An hour later, Anne must read the will. She appreciates Bill's intention to secure the honours he has earned through his daughter's possible sons. She understands his bequests until she reads his provision for the house. Her loathed sister-in-law will inherit her prized house, while she is deeded the second best bed. The order of William's estate can only be punishment for their son's death from drowning. He has broken their pact. Anne's rage at his post-mortem betrayal, after she honourably maintained her side of their vows, gives her the strength to break free from the constraints of her situation as well. She decides to return to the sea to make a life for herself.

The play shows William's success in London through a domestic lens, where Anne's children, garden, bees and marketing are the focus. Anne's own childhood journey to the sea supplies a pattern of water-based imagery which resolves in the final sequence of the play; it is a mirror and cyclic resolution to Bill's love affair with words.

==Interpretation==
Scholar Anne Wilson interprets the play as an exploration of recent debate in Canada about non-traditional marriages and relationships, writing that 'the play's politics and key adaptive gestures coincide with transformations in Canada around orthodoxies associated with gender roles and families'. Wilson also notes Thiessen's exploration of the relationship between sexual freedom and patriarchal norms of male succession. She draws attention to the repeated emphasis on imagery of the sea, flow, and voyages to express the fluid nature of desire and human intimacies.

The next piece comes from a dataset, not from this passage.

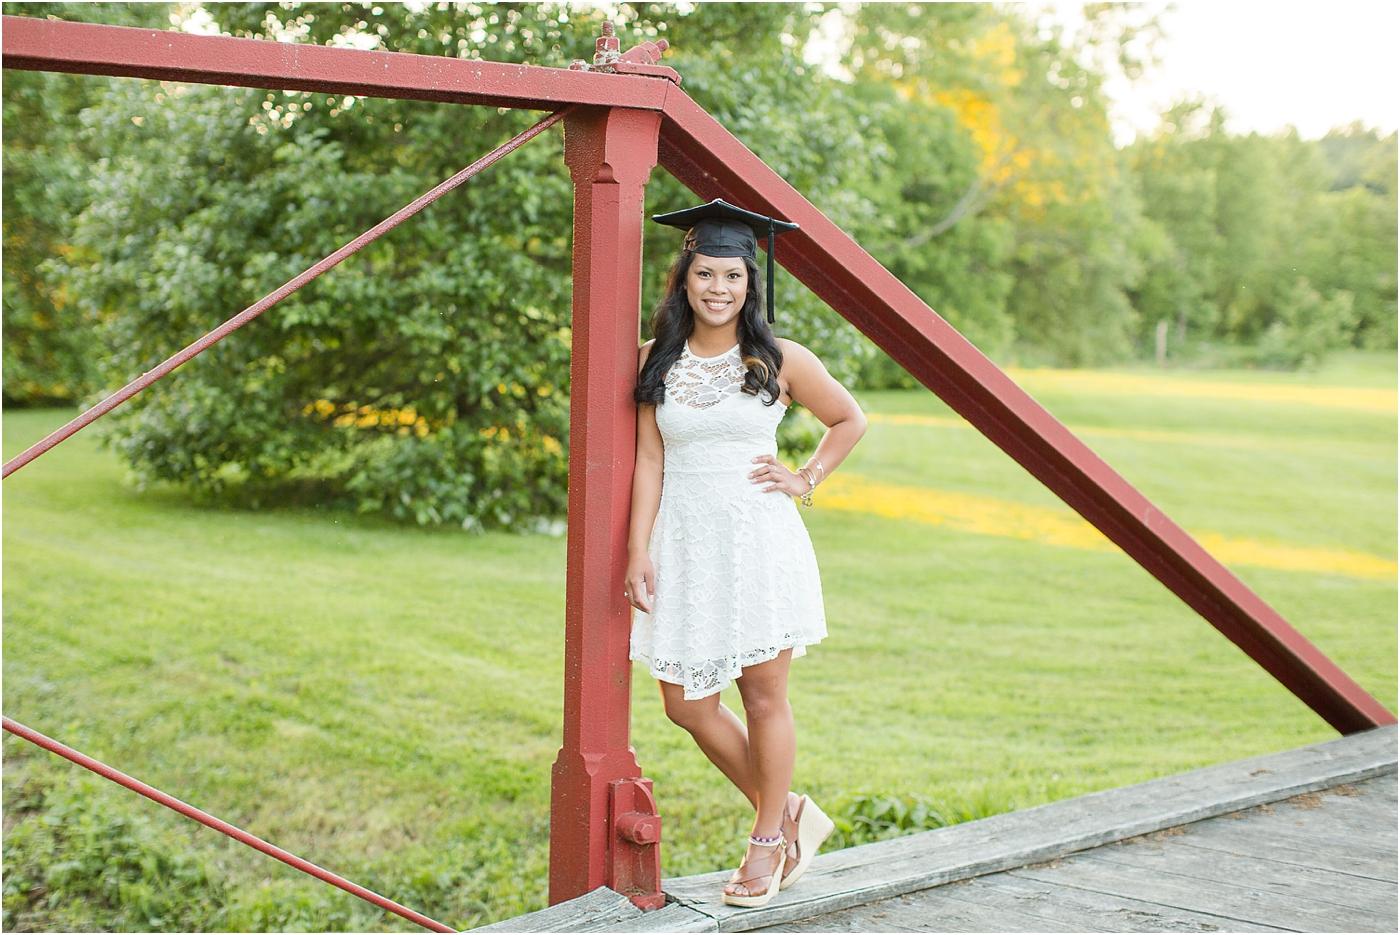 Jenna-Senior-2017-308-graduation-photos.jpg

Reviewer James Wenley praised the show as 'catnip for Shakespeare fans', writing that Anne emerges from the play a vivid and humanized character. He found Theissen's speculation of the Shakespeare marriage fascinating, believable, and delivering 'a very palpable sense of the time and place'.

Conversely, reviewer John Coulbourn believed that "not much of it rings true, either to the heart or to the period of the piece", considering that Anne's musings were too generic to convince.

J. Kelly Nestruck objected to the "anachronistic proto-feminist" portrayal of Hathaway, arguing that "there's no getting away from the fact that Shakespeare's Will is ultimately a drama once removed. Hathaway is of interest only because of whom she married."

Critic Katherine Scheil says that the play 'recasts the poet's domestic life into a familiar narrative for a twenty-first-century audience, a sort of inspirational 'Chicken Soup for the Lonely Married Woman' based on the Shakespeare marriage', setting up Shakespeare as a 'vengeful husband' who fails to appreciate the sacrifices his wife made. However, she notes in conclusion that audiences seem receptive to a play about a stay-at-home mother's inspirational struggle and triumph, despite its unflattering rendition of the man himself.

The play has been produced across Canada, Wales, England, Hong Kong, Australia, New Zealand, and the United States.